セリスは森で自給自足の生活をしていたとはいえ、ボルナ樹海で取れるレア素材を時々近隣の村や街で売っていたため、それなりに貯えはあった。


 つまり実質セリスがユーゴーを養っているわけだが、セリス本人は余り金に頓着がないので、ほとんど気にしていない。とはいえ、ユーゴーもいつまでもヒモ生活に甘んじるつもりはなく、早急に自分で稼げるようになるつもりだった。


「ハルメリには東西南北にそれぞれ4つの門があるんですよ。我々はあの北門から入ります。ちなみに、通常は入る前に検問があるのですが、ハーテア殿とハギリ殿は我々騎士団の客人として扱わせていただくので、煩わしい手続きは無用です」


 道すがら、マッキナーが色々と説明をしてくれている。既に城壁の近くまで来ており、壁上には所々に櫓が立てられており、見張りの兵士が詰めているのが見えた。また、等間隔でバリスタや大砲が設置されているのも見える。


 魔物は当然地上からだけでなく、空からくる場合もある。大きな街には大規模魔法陣で防御術式が展開されており、上空を魔法の防壁が守っているそうだが、それもそこまで強力ではないので多数の魔物が群がれば突破されてしまう。


「それは結界魔法なのか?」

「うん、たぶん世界で一番普及してる結界魔法じゃないかな。

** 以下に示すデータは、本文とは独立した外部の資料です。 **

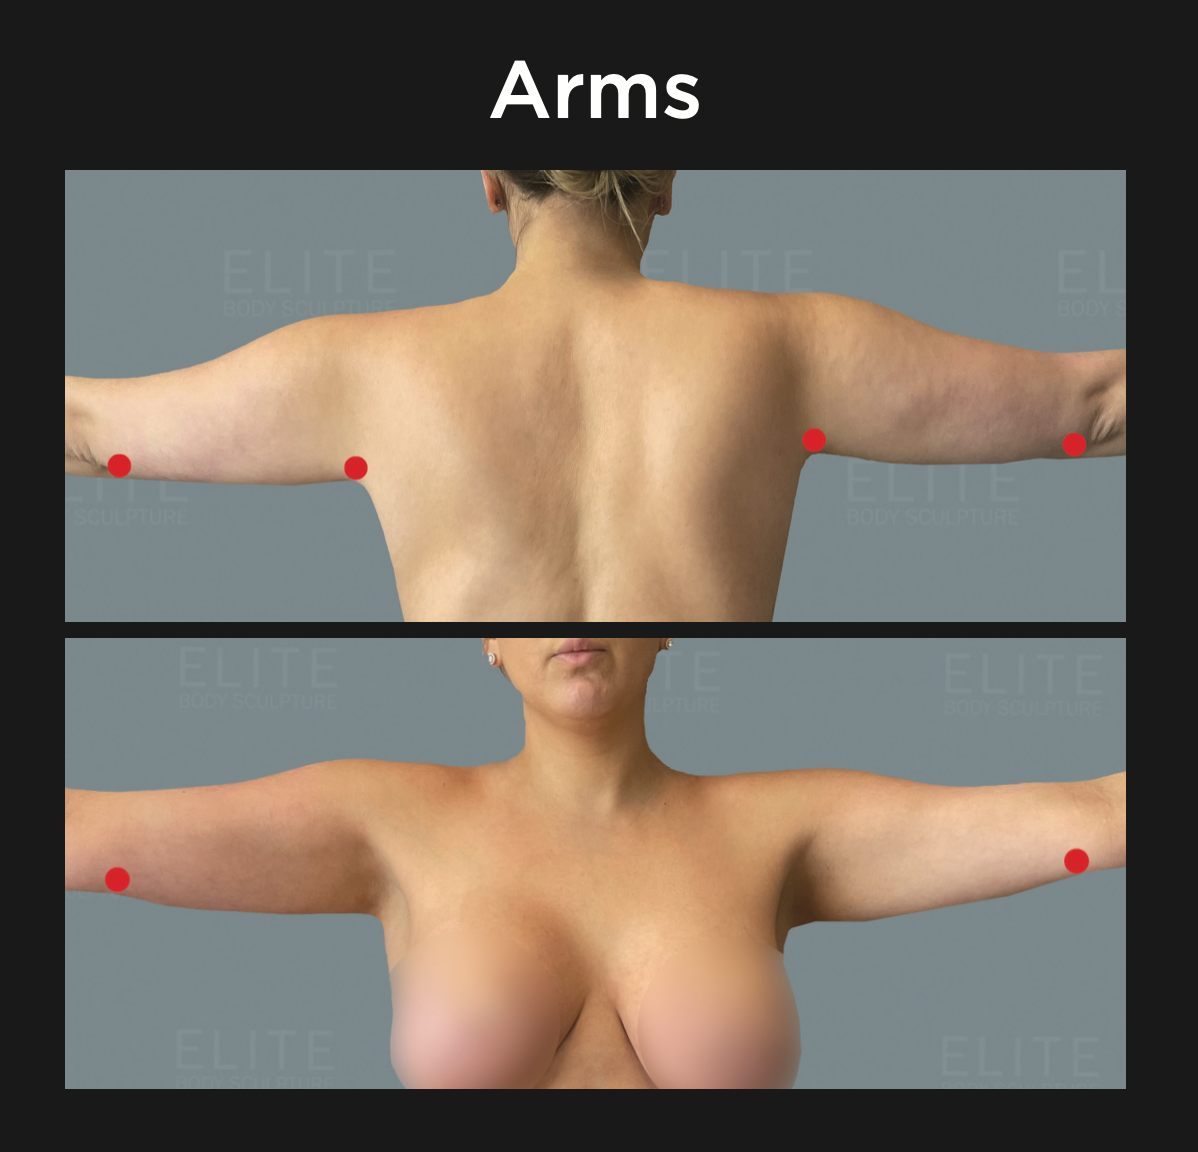 Permanent Arm Fat Removal  Arm Liposuction With AirSculpt®

結界魔法は魔法陣の術式がほとんど判明してないんだけど、何千年も昔から都市を守るこの結界の魔法陣だけ、ずっと受け継がれてきてるんだって」


 都市の防衛結界についてセリスがそう説明する。なんでも、物理的なものではなく、魔物にのみ有効な特殊な退魔の結界なのだそうだ。結界を張りたい範囲を囲うように、対応する8つの魔法陣を展開するだけで、少ない魔力で効果を発揮する優れモノなんだとか。


 捕捉すると、セリスが自分の家の周りに張っていた結界はこれとは違う。あれはセリスが日々自分の魔法で維持していた、更に強力で物理的な防御能力のある結界だ。


「おお、中々でかいな」


 城壁の真下まで来ると、ユーゴーが感心したように声を漏らした。高さは10メートル強と、かのサイルーン砦に比べると半分もないが、それでもこの高さの壁が大きな丘をぐるりと取り囲んでいる、というのは中々驚異的だ。


 また、ハルメリはその地形的に、城壁の中は上向きの斜面になっている。つまり、仮に外から敵が攻めてきた場合、内側からは攻めやすく、外側からは攻めにくい構造になっているのである。城壁に加えて、高地の優位性がハルメリの防衛力を大きく引き上げていると言える。

 ただ、街の全てが坂、というのは住むのには少し不便そうだな、とユーゴーは思うのであった。


「街に入ったら一度領主の城に来ていただきたいので、我々に付いてきてくださいね。では、入りますよ」


 マッキナーは馬車から顔を出して二人にそう告げると、先行して城門を進んでいく。城門を守っている兵士たちが敬礼でそれを出迎えている中、セリスたちの馬車もその後に続いて交易都市ハルメリに入っていった。